The most frightening aspect of a pandemic, on a primal level, involves the emergence of new strains. If you were writing a thriller about a pandemic, this is what would happen: A mutant strain would emerge that would completely evade scientists’ plans to control it, wreaking havoc around the globe.
The Covid-19 variants we’re facing are not horror movie material yet, despite the emergence of some that cause concern. Many experts agree that the current vaccines, from the team of Pfizer and BioNTech and from Moderna, are still likely to keep people from developing Covid-19 symptoms or severe disease. There’s no reason for panic.
“I think we are building a consensus here,” Akiko Iwasaki, a Yale immunologist and epidemiologist, said in an email. “Now multiple papers show that existing vaccines are likely still protective against the variants.”
But the lesson that we should be drawing is the one that the pandemic keeps teaching, but that the world and, especially, the U.S., fails to learn. The response to the pandemic so far has been like a fractal pattern that repeats itself over and over again at a different scale. We’re disorganized, we’re not ready, we don’t heed warnings, we don’t plan ahead. And the virus runs rampant, because that is what a mindless, highly transmissible evolution-powered bit of replicating RNA does to living organisms.
It’s entirely possible that, even with the emergence of new strains, none will be able to beat the vaccines, especially the Pfizer/BioNTech and Moderna ones. Those vaccines prevent roughly 94% of symptomatic infections, making them among the most effective inoculations. It’s a gigantic wall that this bat virus has to leap as it randomly mutates and adapts to being in people.
But that doesn’t mean we shouldn’t plan for a worst-case scenario by making improved vaccines. It should be possible to do that relatively quickly — weeks or months — and to test it in much smaller numbers of people than were needed when the vaccines were first being run through clinical trials. This has always been part of the promise of the mRNA technology that both Moderna and BioNTech use. It can use the genetic code of a virus as instructions for making a new shot. Moderna has already started doing this for the variant first identified in South Africa, the scariest of the current batch, which does seem to somewhat weaken the power of both the vaccines and some monoclonal antibody drugs in laboratory experiments.
But testing a new vaccine may be the easy part. We’ll also have to manufacture it and get it into arms. And that is the miserable experience we are going through right now globally, with not enough doses of vaccine to go around, not to mention the lack of a streamlined plan for getting those shots into the arms of people in a fast and fair way. Everywhere you turn, there are stories of frustration with the current rollout.’
“It’s a production problem,” said Paul Offit, director of the Vaccine Education Center at Children’s Hospital of Philadelphia. “Primarily, we need to produce more vaccine.”’
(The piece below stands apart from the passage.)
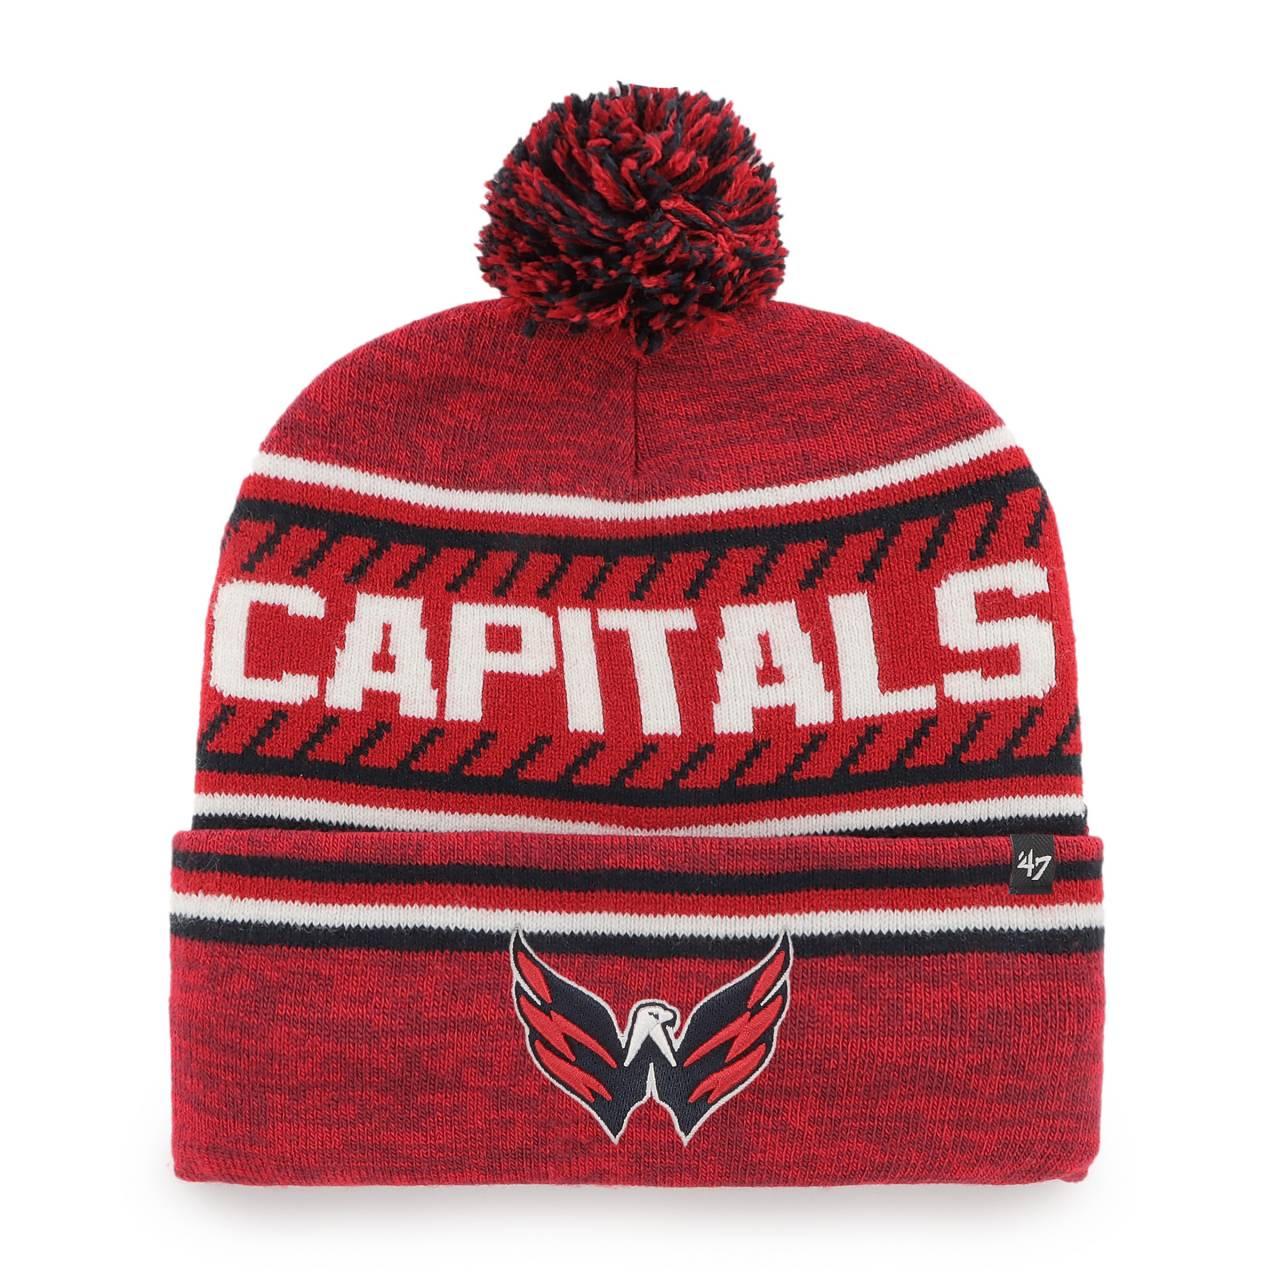 NHL WASHINGTON CAPITALS ICE CAP ´47 CUFF KNIT RED

It’s not too late to make enough vaccine for the current rollout. Many more doses will be available in coming months, especially if new vaccines from Novavax and Johnson & Johson prove effective. But it’s also not too late to start tackling the giant logistical and manufacturing problems hobbling this rollout, not only for making more mRNA vaccines but also for needles and glass vials and syringes and freezers. Moncef Slaoui, who helped run Operation Warp Speed, proposed years ago having centralized government manufacturing to be used in case of a pandemic.
As Scott Gottlieb, the former Food and Drug Administration commissioner, recently pointed out on CNBC, investing in new manufacturing facilities now could bear fruit in six to nine months. And the important thing is that we don’t know that we won’t need them.
A truly scary variant might be an extremely unlikely event. But one reason we’re all having panic attacks is because we now have the hard knowledge that epidemiologists and gamblers live with: unlikely events happen every day.
The solution is not to panic. The solution is to prepare for whatever might be coming.